What does MOV EAX, DWORD PTR DS:[ESI] mean and what does it do?

Solution 1:

Registers in square brackets such as [ESI] are dereferenced pointers. The instruction you quote moves the DWORD (a 32-bit/4-byte value) in memory location specified by ESI into register EAX. In your case, memory location 00402050, read as a DWORD, contains 34333231.

Written in pseudo-C:

DWORD EAX;   /* Declaring the registers as we find them in silico */
DWORD ESI;

ESI = 0x00402050;  /* Set up your initial conditions for ESI */
EAX = *((DWORD *)ESI);   /* mov EAX, DWORD PTR [ESI] */
/*  ^ ^  ^^^^^^^    */
/*  | |     |       */
/*  | |     +-----------  From "DWORD PTR" we get "DWORD *" in C.          */
/*  | |             */ 
/*  | +-----------------  The C dereferencing operator * replaces [].      */
/*  |               */ 
/*  +-------------------  The C assignment operator = replaces mov opcode. */ 

In your case, it is not true that 0x00402050 "equals" the string "1234567890" -- rather it points to the memory which contains that string.

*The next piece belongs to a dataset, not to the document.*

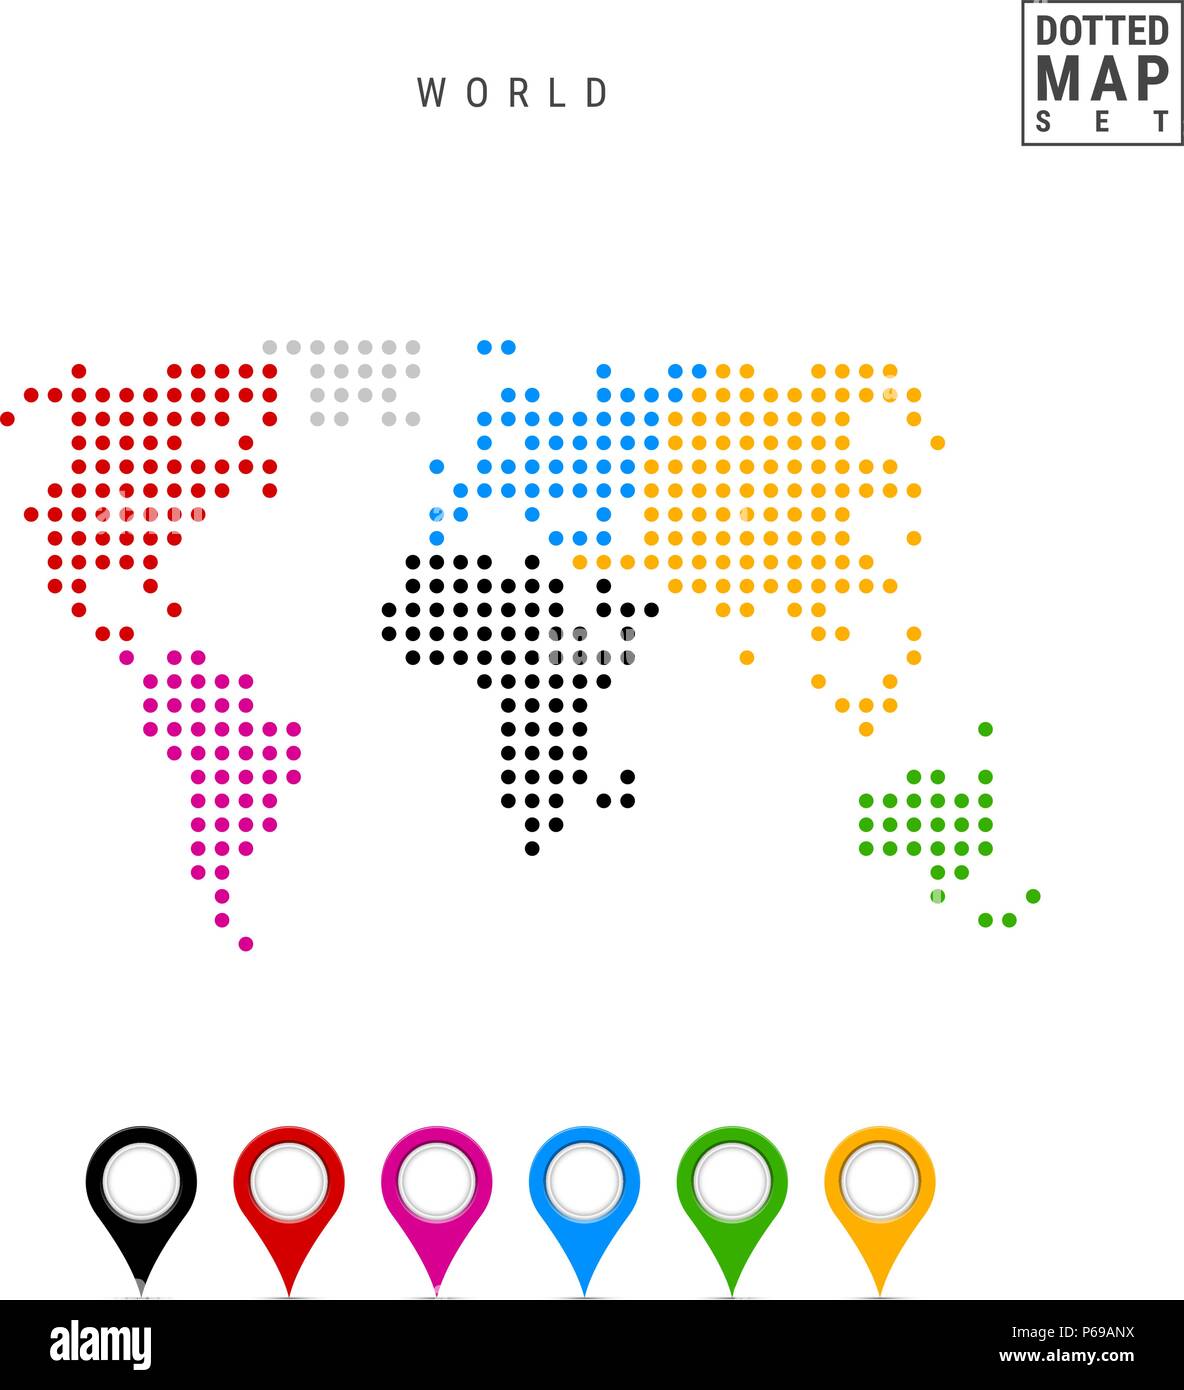 Dots Muster vektorkarte der Welt. Stilisierte Silhouette der Welt. Kontinente sind in verschiedenen Farben hervorgehoben Stock Vektor

The value which you obtain, 0x34333231 is comprised from the ASCII values for the digits "1234", which are the first four bytes (i.e., the first DWORD) of the string. They appear in reversed order because the Intel architecture is "little endian" in the byte representation of a DWORD in memory.

In your example at this time, the mov instruction is loading ASCII characters as if they were the four bytes of an unsigned long value, when they are actually a string of single-byte characters.